> TASK BRIEF:
Wherever an image appears in the data, omit it and copy all the remaining text word for word.
::: COLLECTED DATA :::
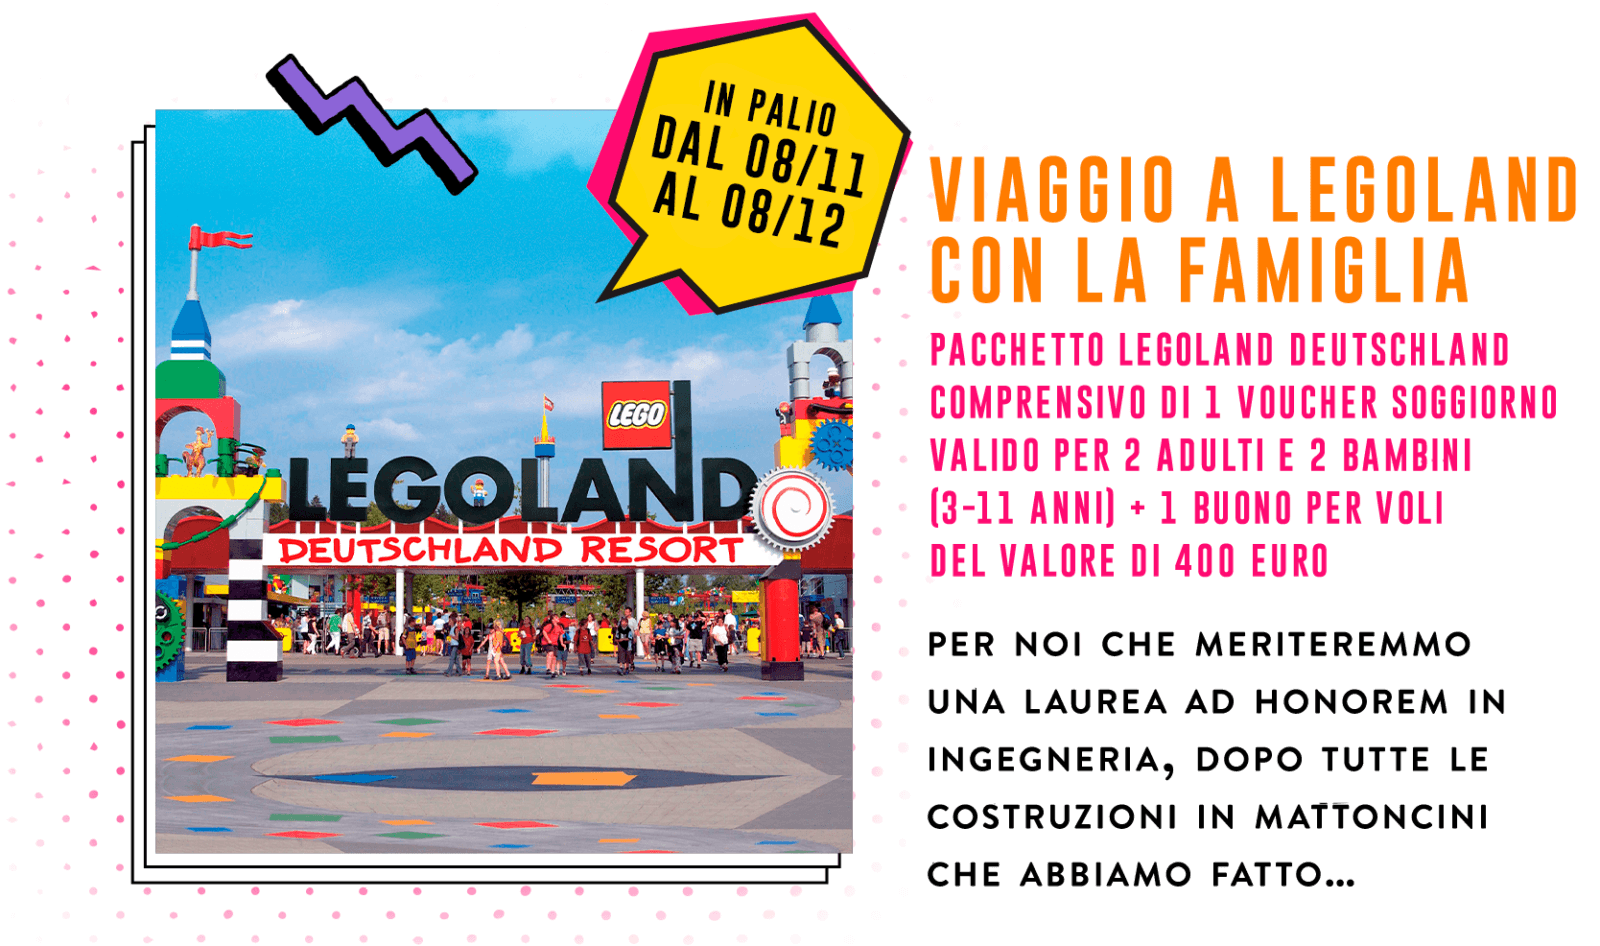 Concorso Plasmon biscotto "dei grandi": vinci premi Casio, Caran d’Ache, Polaroid, Smeg, Doniselli e viaggi a Legoland! 33
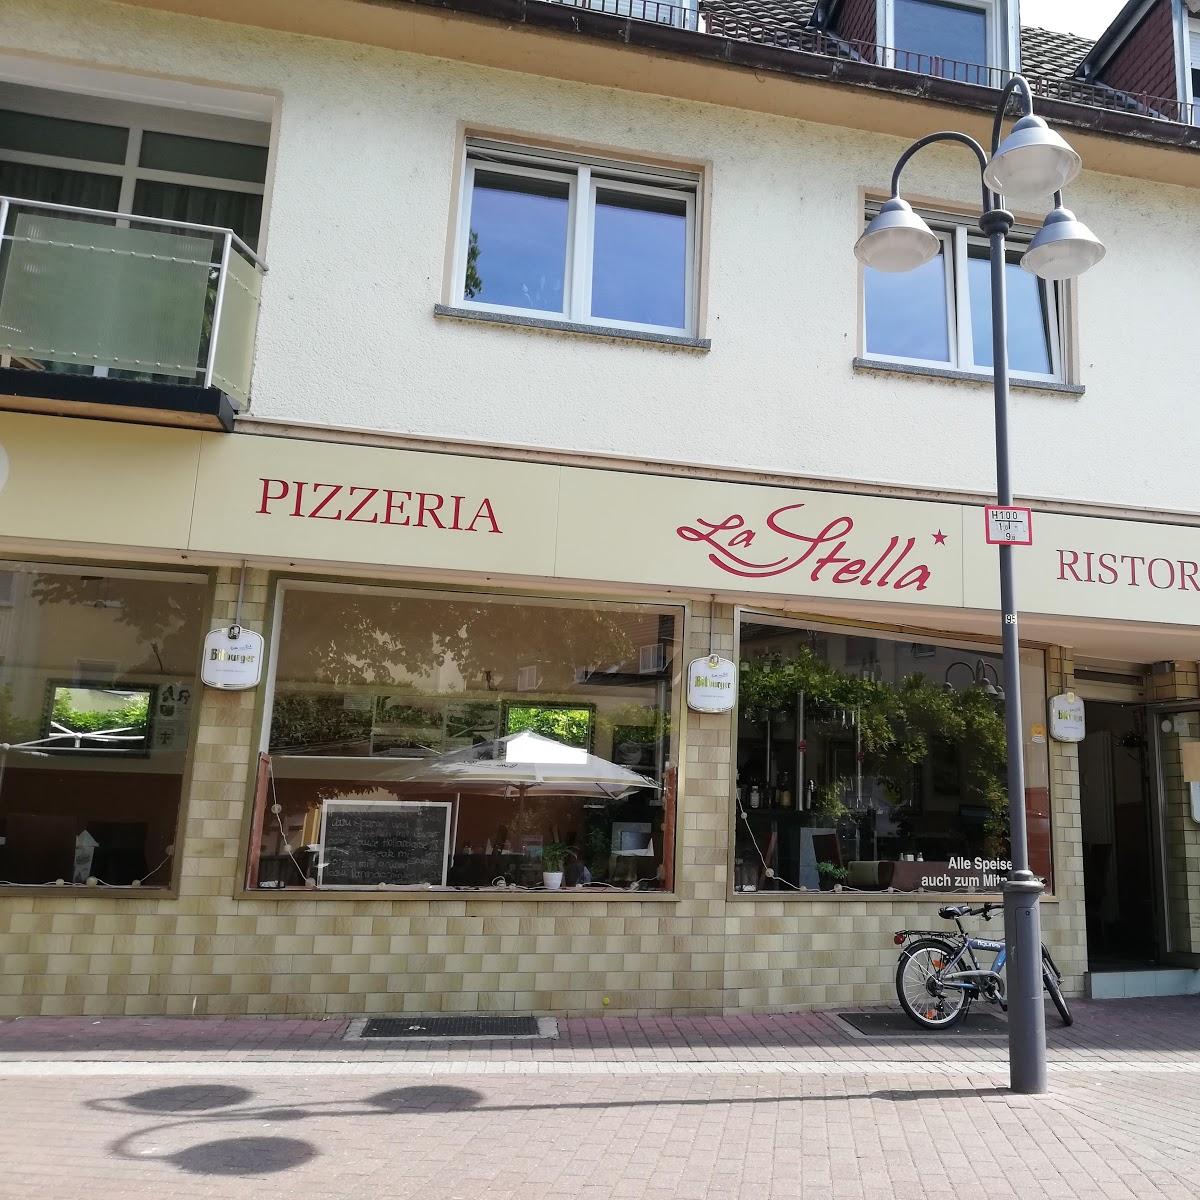 Restaurant "Pizzeria La Stella" in Mainz
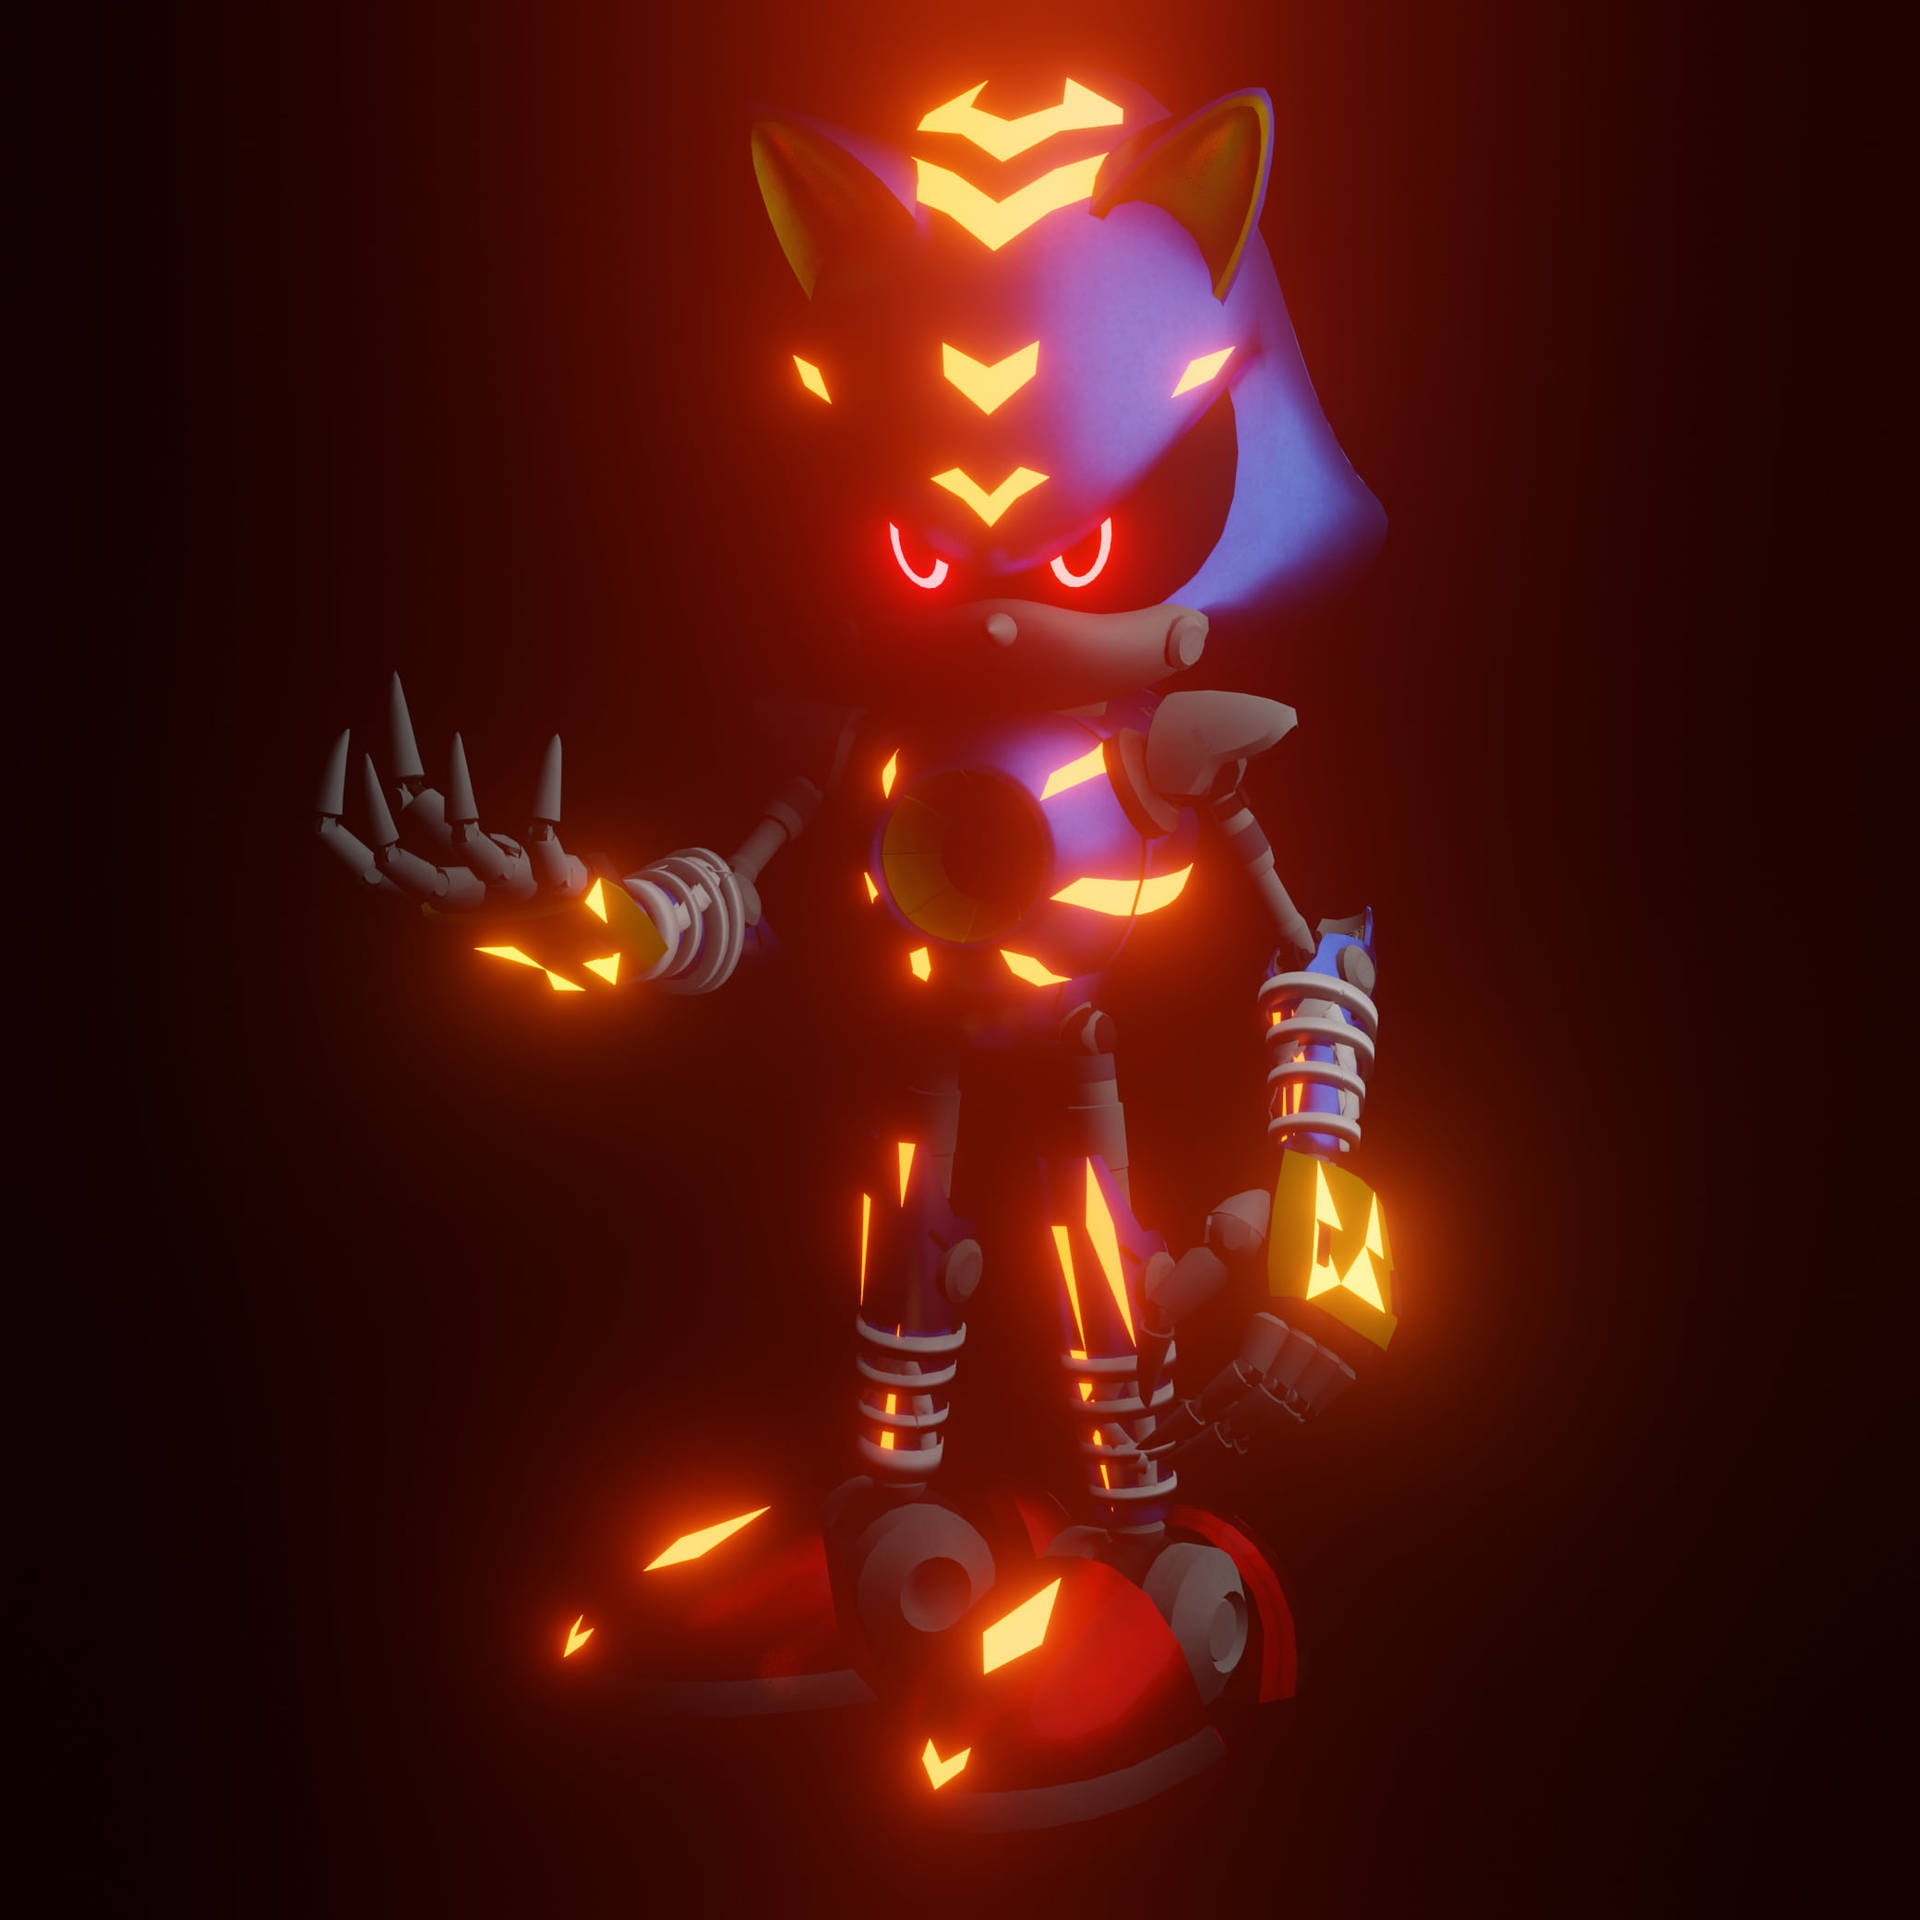 Metal Sonic Fiery Body Background
:::
> EXERCISE RESPONSE:
 Concorso Plasmon biscotto "dei grandi": vinci premi Casio, Caran d’Ache, Polaroid, Smeg, Doniselli e viaggi a Legoland! 33
 Restaurant "Pizzeria La Stella" in Mainz
 Metal Sonic Fiery Body Background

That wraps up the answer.